Home Is Where The Heart Is... Especially When You Have Very Little But Heart.
Uncle John's home is too small for the entire Joad family, but it is a home nonetheless. The house is "a square little box, unpainted and bare" and it sits next to a barn "low-roofed and huddled" (8.20). The house has a little tin chimney. The family likes to gather by the front door where some will lean against the house and others will sit on their haunches. The dooryard is the patch of land that surrounds the front door of a house. When the landowners tell the tractor drivers to plow a tenant farmer's dooryard, it is a clear sign of disrespect, as the dooryard is an important family gathering or hanging-out place.
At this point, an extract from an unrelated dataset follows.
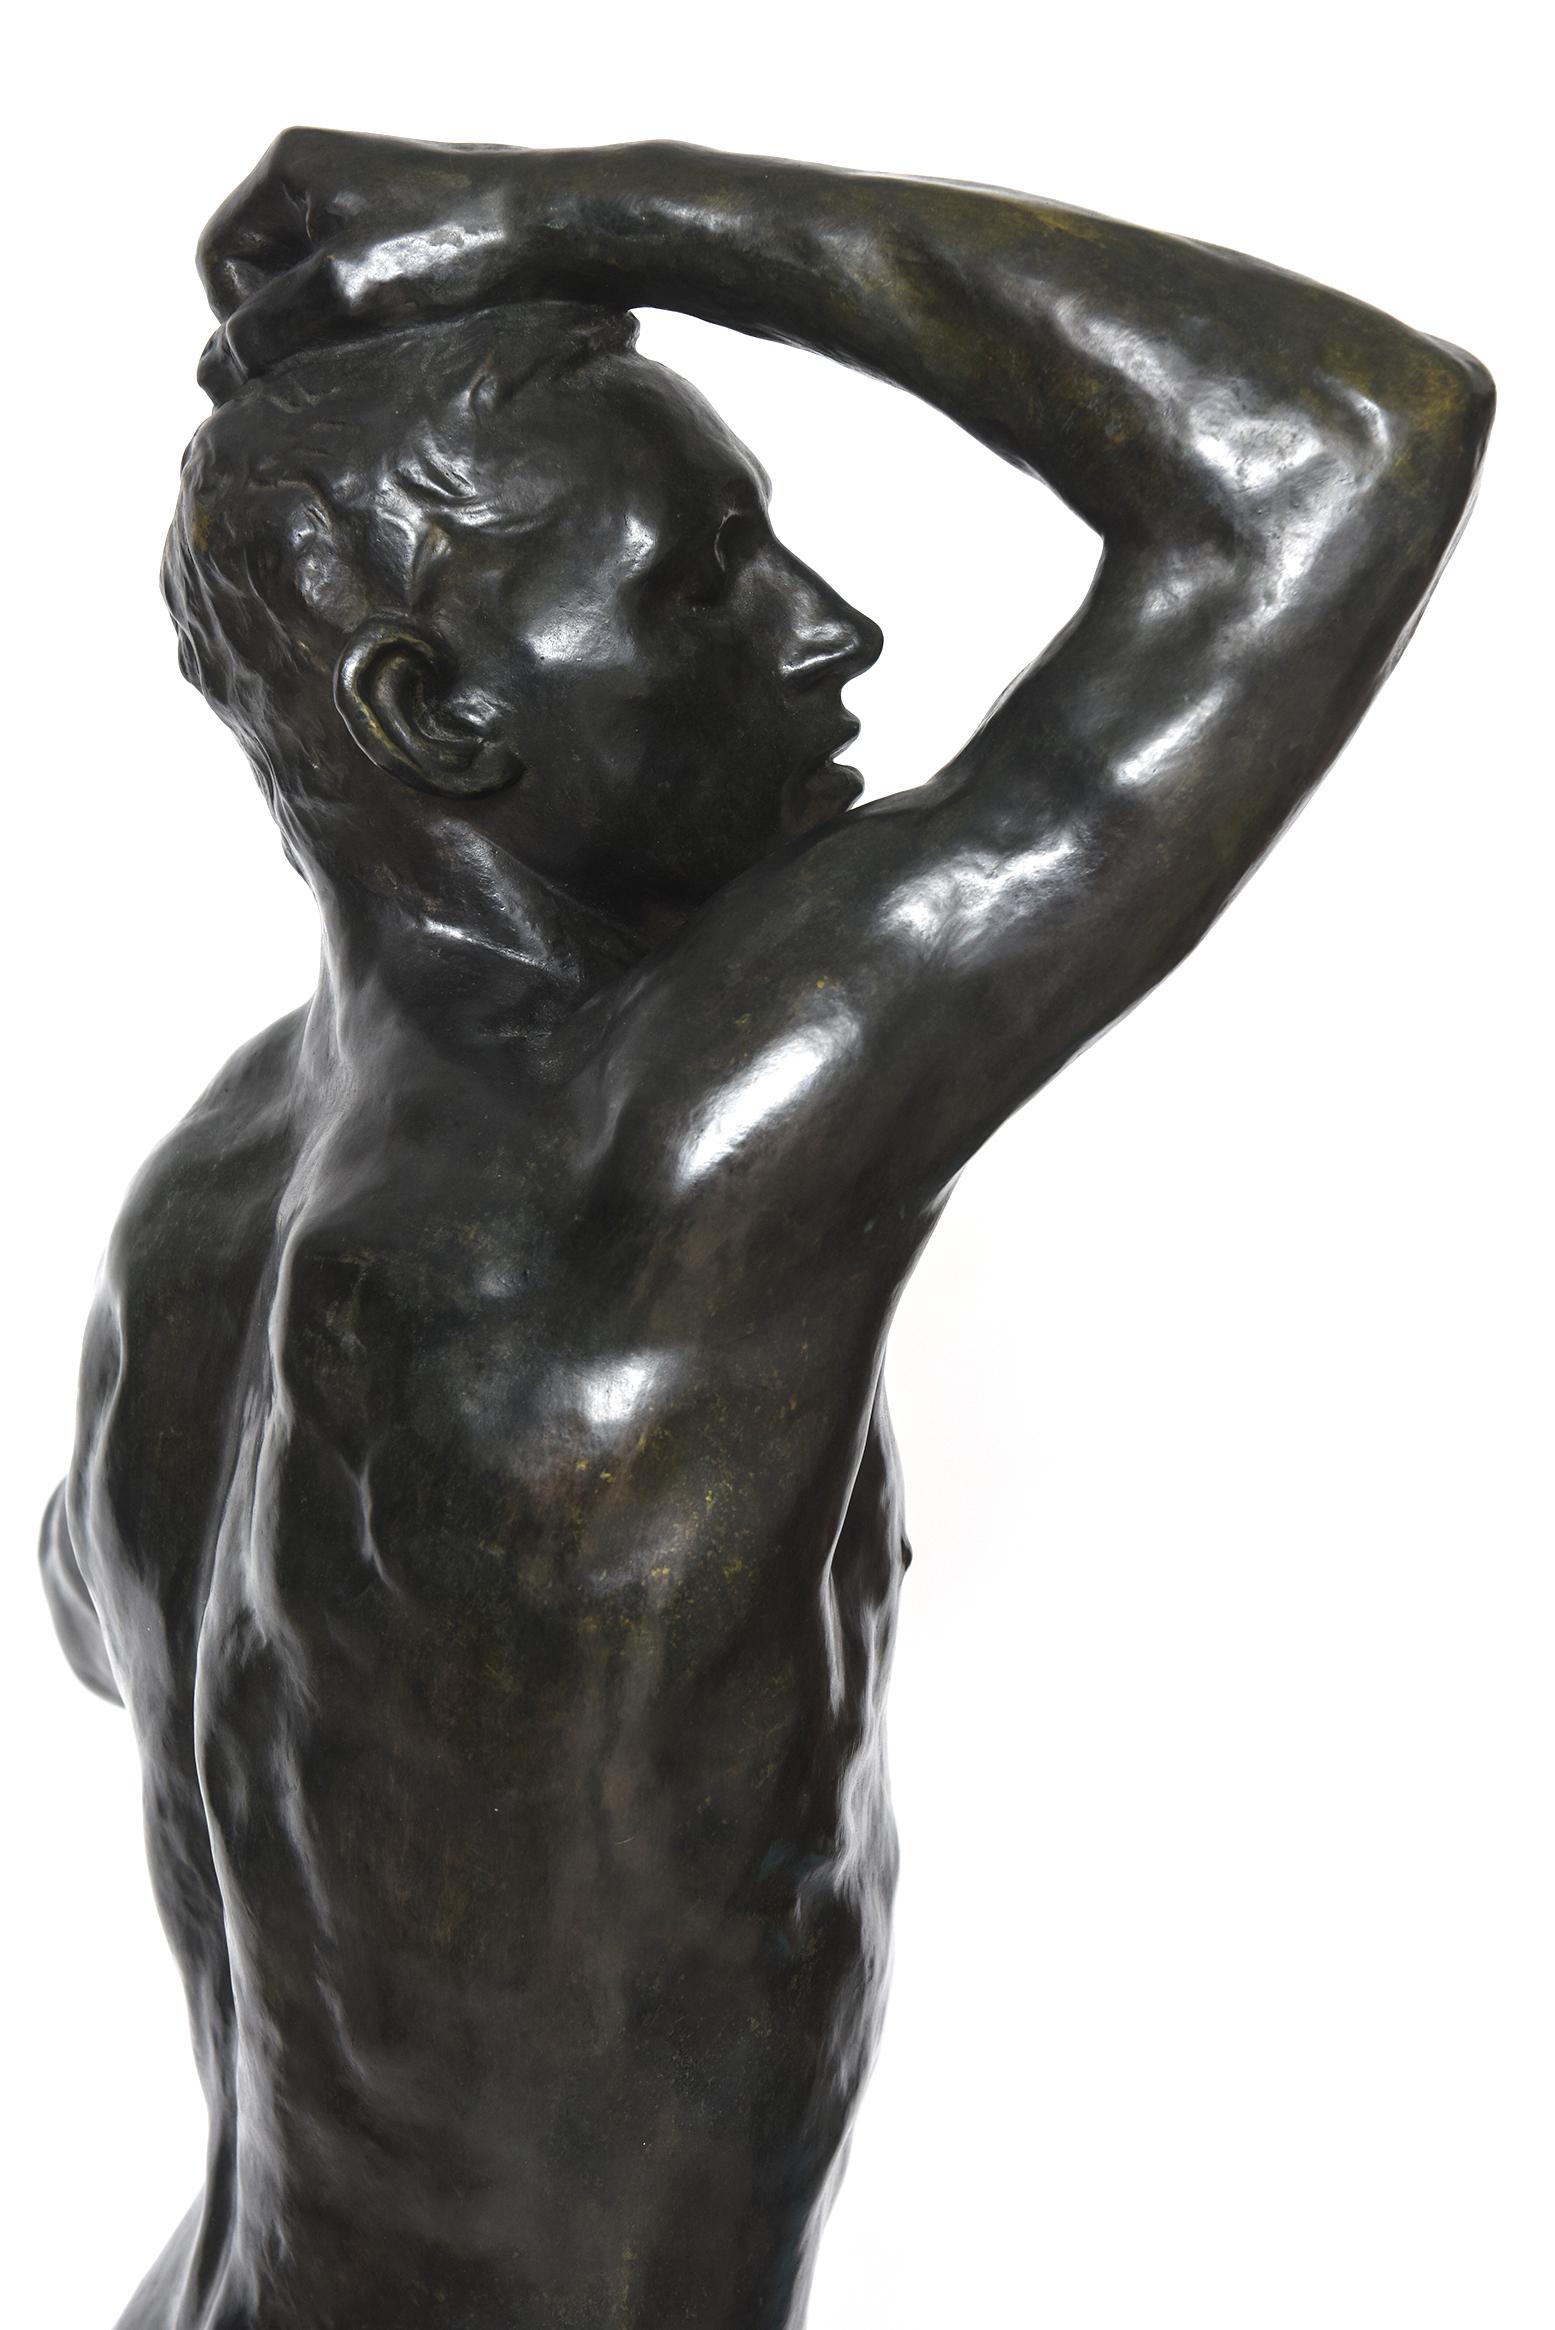 Late 20th Century After Auguste Rodin Bronze Sculpture of the Age of Bronze Male Nude Figure

When the tenant farmers pack up their belongings and drive westward, their cars become new homes, and they learn how to settle into a rhythm of driving during the day and setting up camp at night. Our narrator describes this new "home" beautifully:
The house was dead, and the fields were dead; but this truck was the active thing, the living principle. The ancient Hudson, with bent and scarred radiator screen, with grease in the dusty globules at the worn edges of every moving part, with hub caps gone and caps of red dust in other places – this was the new hearth, the living center of the family; half passenger car and half truck, high-sided and clumsy. (10.76)
The Joads, and other travelers, learn to listen to their cars, to detect any signs of malfunction or failure. The car is their safety and their means of survival.
Mama 66
Route 66 extended from Missouri to Bakersfield, CA, and it was the main road used by families heading west to California:
Highway 66 is the main migrant road. 66 – the long concrete path across the country, waving gently up and down on the map, from the Mississippi to Bakersfield –over the red lands and the gray lands, twisting up into the mountains, crossing the Divide and down in to the bright and terrible desert, and across the desert to the mountains again, and into the rich California valleys. (12.1)
Our narrator describes Highway 66 as "the mother road, the road of flight" (12.1), and it allows families to pursue their hopes and dreams, while actually leading them to their despair and misery.
As families move along in their journeys to California, they begin to trust one other and begin to camp together at night. When this happens, they learn to create sophisticated little worlds in their campgrounds, replete with unspoken laws and codes that cannot be broken, and that, if broken, will result in either death or isolation. The worlds function as efficiently and as intricately as any town or city might.
California Dreaming
Once in California, the Joads are floored by its beauty and by its rich, lush land. There are orchards and fields everywhere, and the soil is rich and moist. However, life is dangerous and it is harrowing in the beautiful state. Many migrant families continue to move from place to place, setting up campgrounds called Hoovervilles (named after President Herbert Hoover) on the outskirts of towns.
The Joads set up camp at one such Hooverville, but it's not that fun. In fact, it's downright un-fun. The Hooverville is full of starving people who have little left and who are fighting to feed their children. Their tents are tattered, they live in makeshift shacks, and they are unkempt. Weedpatch, by contrast, is a government camp with beautiful restrooms, running water, hot showers, self-elected committees, dances, string bands, and occupants who look out for one another.
The Joads live for a time in an abandoned boxcar near Tulare, CA. They are one of the first families to discover the boxcar, and, soon after, many other families flood the land and camp around the boxcars. The Joads feel like royalty, because their home is warm, dry, and has a roof. But then the California winter comes and, with it, heavy rains. The rains soak and flood the land, and the Joads must flee.
California is depicted as fiercely beautiful, but incredibly dangerous. Against the backdrop of growth and cultivation, families starve.